Smallpools Jumps in With Both Feet

On Monday, Nov. 17 at 10 p.m. PT/1 a.m. ET, Yahoo Live will live stream Smallpools' concert from the House of Blues in Anaheim, CA. Tune in HERE to watch!

It's pretty rare that a band with only five completed songs embark on its own headlining tour of North America. But Smallpools is proving that you don't need a huge repertoire in order to pack houses and thrill fans.

Things happened fast for the Los Angeles-based synth-rockers. After throwing their belongings in a van and driving cross-country from New Jersey to the West Coast in 2011, vocalist Sean Scanlon and guitarist Mike Kamerman had no concrete plans other than making music and "not starving to death," as they put it. They soon met bassist Joe Intile and drummer Beau Kuther, both of whom came to L.A. from Portland to try their hand at being professional musicians in the City of Angels.

"I was substitute teaching and I had met Mike," Scanlon explains. "We lived close to each other on the East Coast. We knew we had to move [our music career] to the next level. My best friend had already moved out to L.A. to work at a label. We used him as an inspiration…he could be our intel of how to make it musically. There were some darker times, but now I feel like we have purpose there."

Initially Scanlon nabbed a job as a valet, parking cars at an upscale building in Westwood. As luck would have it, there was an unoccupied, fully furnished suite with a grand piano in the building, where Scanlon could hole up after work to write songs.

"They had a model unit, a multimillion-dollar vacant apartment," explains Scanlon. "There was a grand piano there. After I'd get off work at 11 p.m. I could hop up there and spend full nights up there just hacking away. I kind of felt like I lived there. So the first few songs were [written] just with me and my [note] pad and the grand piano."

One of those songs was "Dreaming," the ebullient lead single and title track from Smallpools' debut EP. It has received nearly 4 million views on YouTube to date, and it led to the band being offered a deal with RCA. Now that the band has been successful enough that the guys have been able to give up their day jobs, and they're hard at work on their first full-length album.

"We did a lot of full-day lockouts in Bedrock Studios in L.A.," says Scanlon. "We'd hash out the song structures and the melodies and then I'd go off in a room somewhere [and write lyrics]. The idea will start from one person and a lot of the best stuff comes from those happy accidents when we play a wrong lick or something and then we're like, 'Oh, what did we do there?'" Luckily, the band records all its sessions, so they can retrace their steps and figure out how to recreate those happy accidents.

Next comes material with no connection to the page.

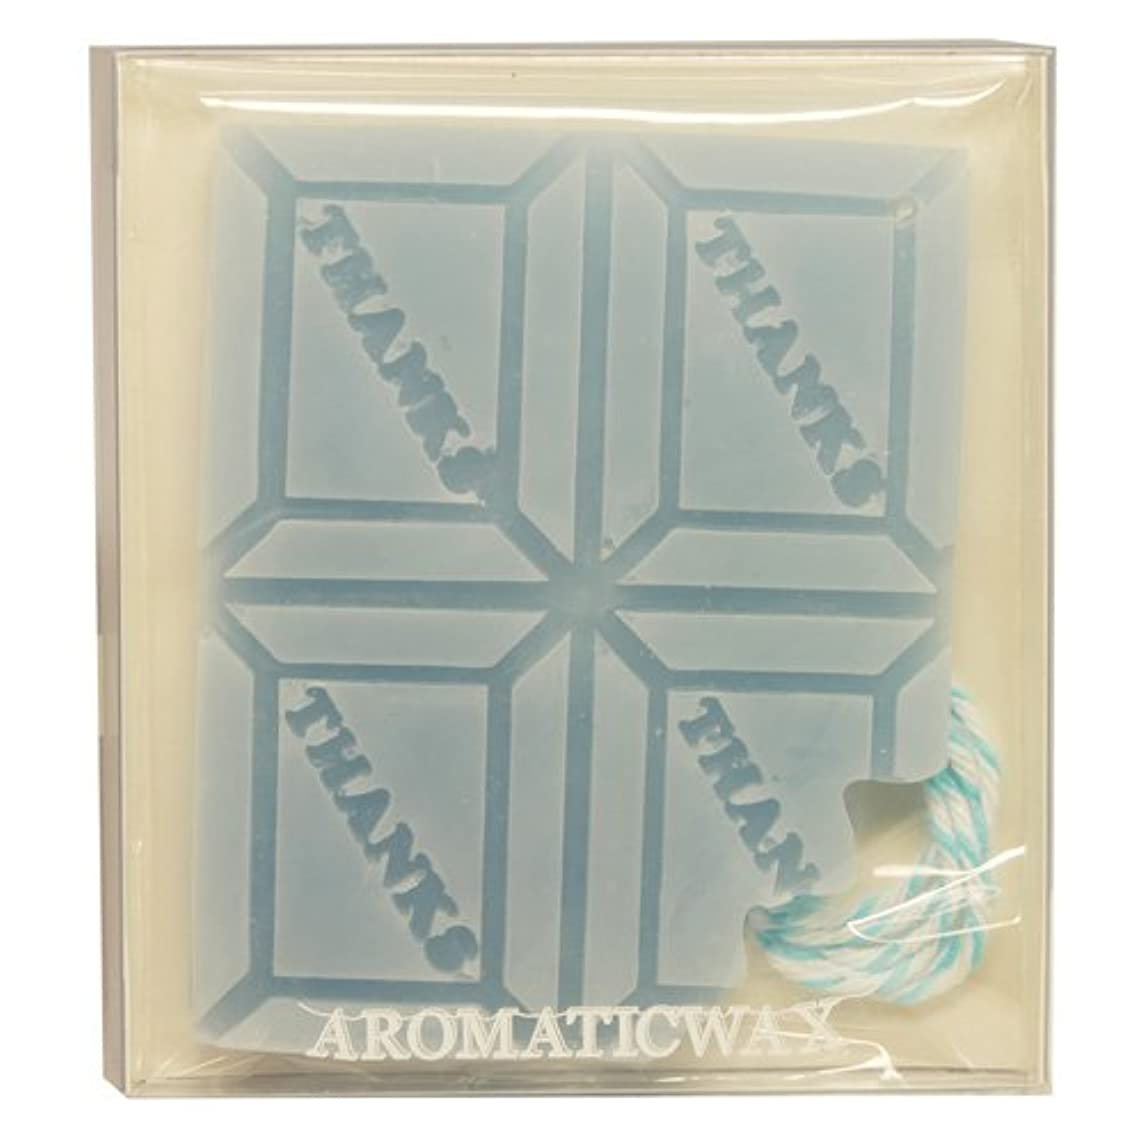 動詞現象バナナGRASSE TOKYO AROMATICWAXチャーム「板チョコ(THANKS)」(BL) ローズマリー アロマティックワックス グラーストウキョウ
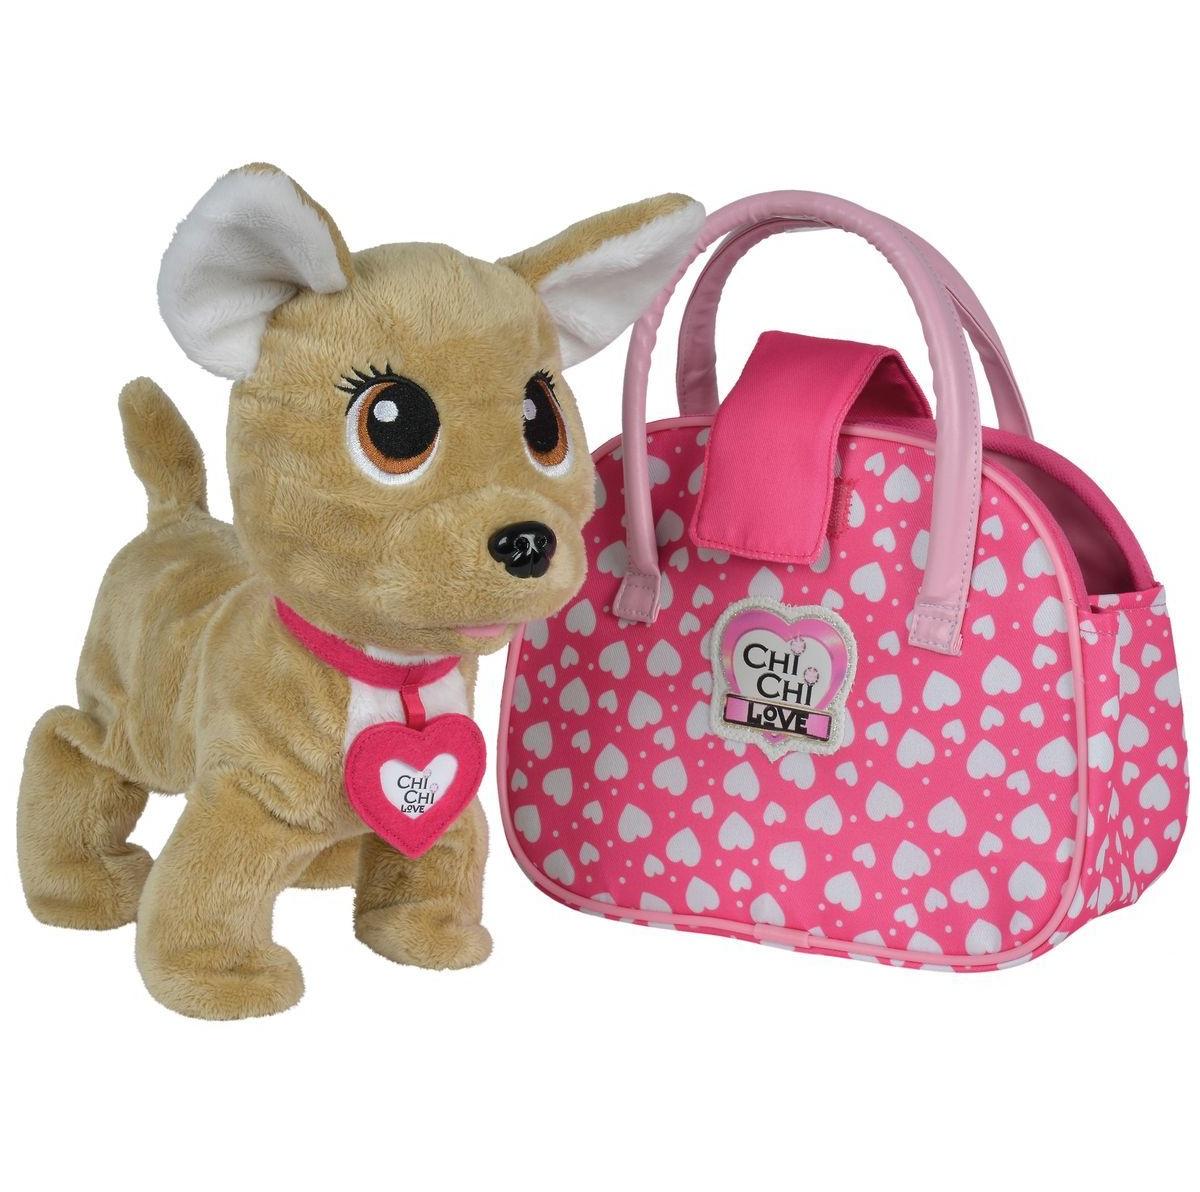 Купить Интерактивная плюшевая собачка Chi-Chi love - Счастливчик, с сумочкой, 20 см, звук, Simba

Scanlon says that the new material has a "similar vibe" to the EP, and they're hoping to release it in early 2015. "I'm almost sure that it's done now," he says of the album. "It's the classic story of delivering the album and our camp thinking it wasn't done and we'd go back and do one or two more [songs]. I think we have all the right pieces now. I'm glad we took the time. I'm proud of a lot of the stuff on there that isn't even out in the world yet."

If the past year is any indication, Smallpools will continue to grow their fanbase and evolve as a band, proving that they weren't just "Dreaming."